Sen. Mrvan introduced SB 121 which would raise the minimum wage in Indiana. This legislation will presumably not go anywhere. Indiana’s minimum wage is currently pinned to the federal minimum wage of $7.25 per hour. This legislation would increase the rate to $10 per hour from July 1, 2019 through June 30, 2020. Between July 1, 2020 and June 30, 2021, it would increase to $13 per hour. And, after July 1, 2021, it would increase to $15 per hour.
The federal minimum wage was last raised in 2007 and set at $7.25 per hour. According to the CPI inflation calculator, if that had kept up with inflation, we’d be at $8.59 per hour. So, this proposal would be a boost from the 2007 floor. On the other hand, the first jump would not quite be on par with the minimum wage as set in 1968. When it was raised to $1.60, that would be equivalent to about $11.31 in today’s dollars.
There is always a debate about how much good minimum wages are.
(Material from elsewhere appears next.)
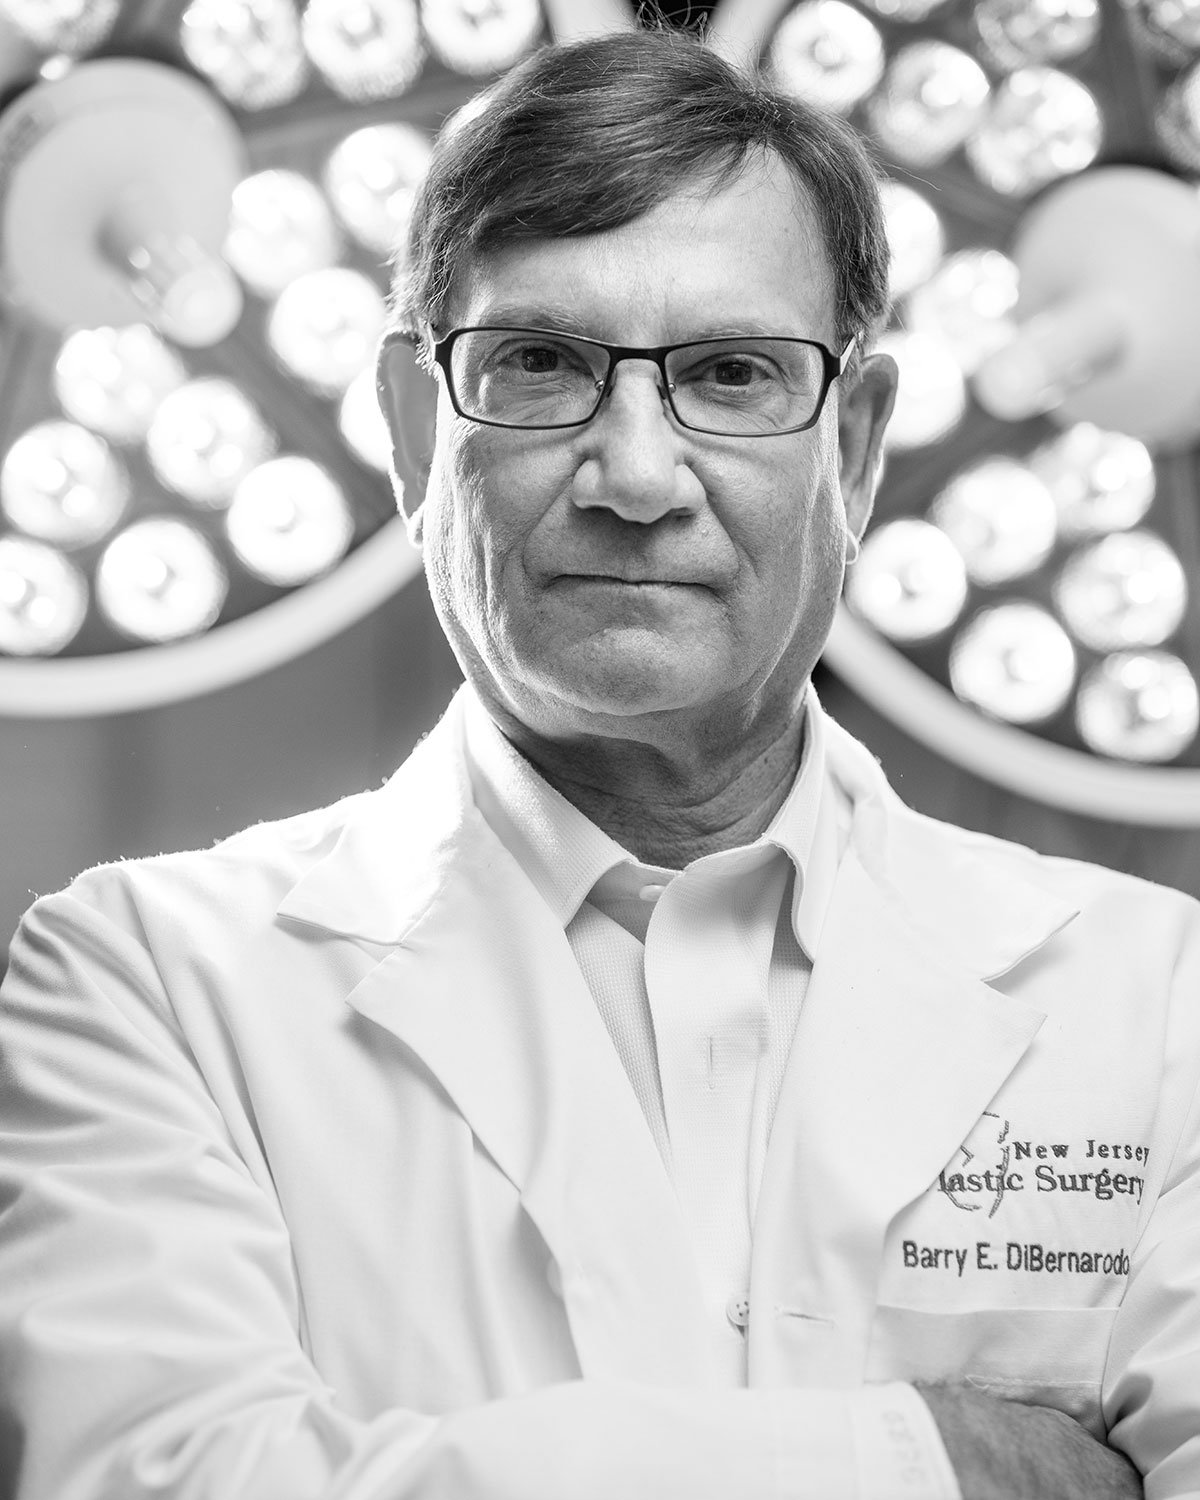 Dr. DiBernardo - New Jersey Plastic Surgeon
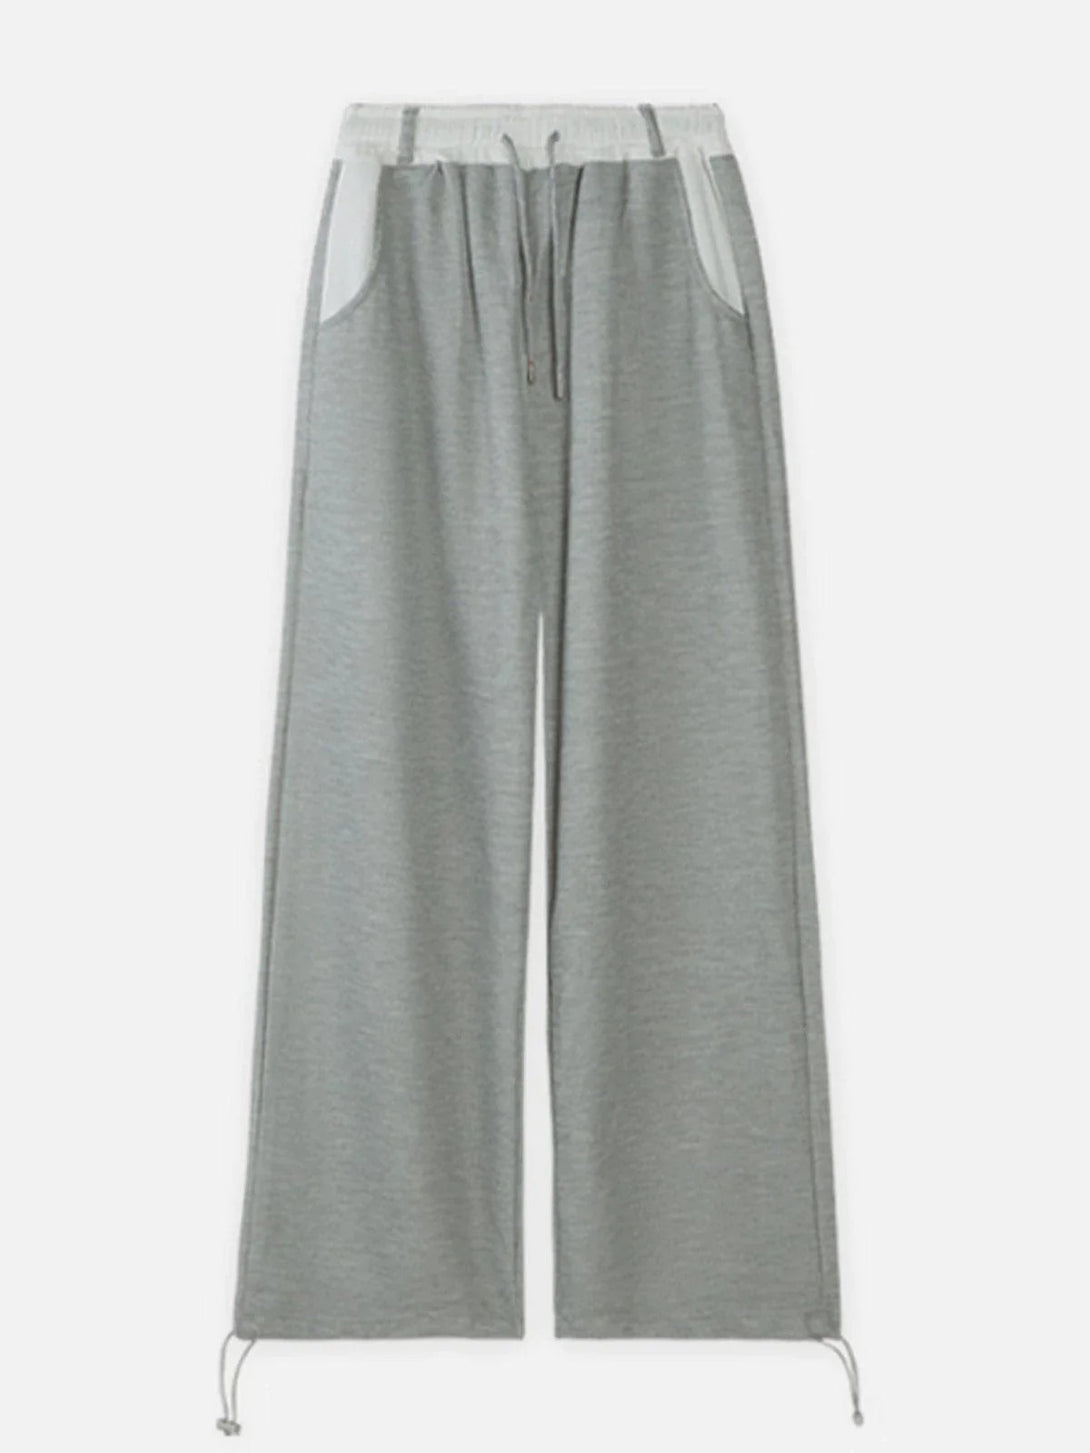 Majesda® - Colorblock Drawstring Pants outfit ideas streetwear fashion

Opponents will contend that it’s unjust for the government to dictate business practices, that they will price low skilled workers out of the market and employers will shift to automation, they make it harder for teens to get jobs, and it will just result in higher prices so purchasing power will not be any better.
I wonder if a Universal Basic Income would allow us to do away with minimum wage laws. In our current system, it seems that the market price of labor is distorted by a laborer’s non-discretionary need for necessities such as food and shelter. It’s not exactly an arm’s length transaction. The laborer generally doesn’t have the same sort of discretion to sit on the sidelines until the market for his services improve (or while he learns a new skill set) in the way capital can wait for investment opportunities to improve. At least that’s the way it looks to me. Maybe you could argue the existence of food stamps and homeless shelters negate this argument.
In any case, I predict that Indiana will stick with the federal minimum wage.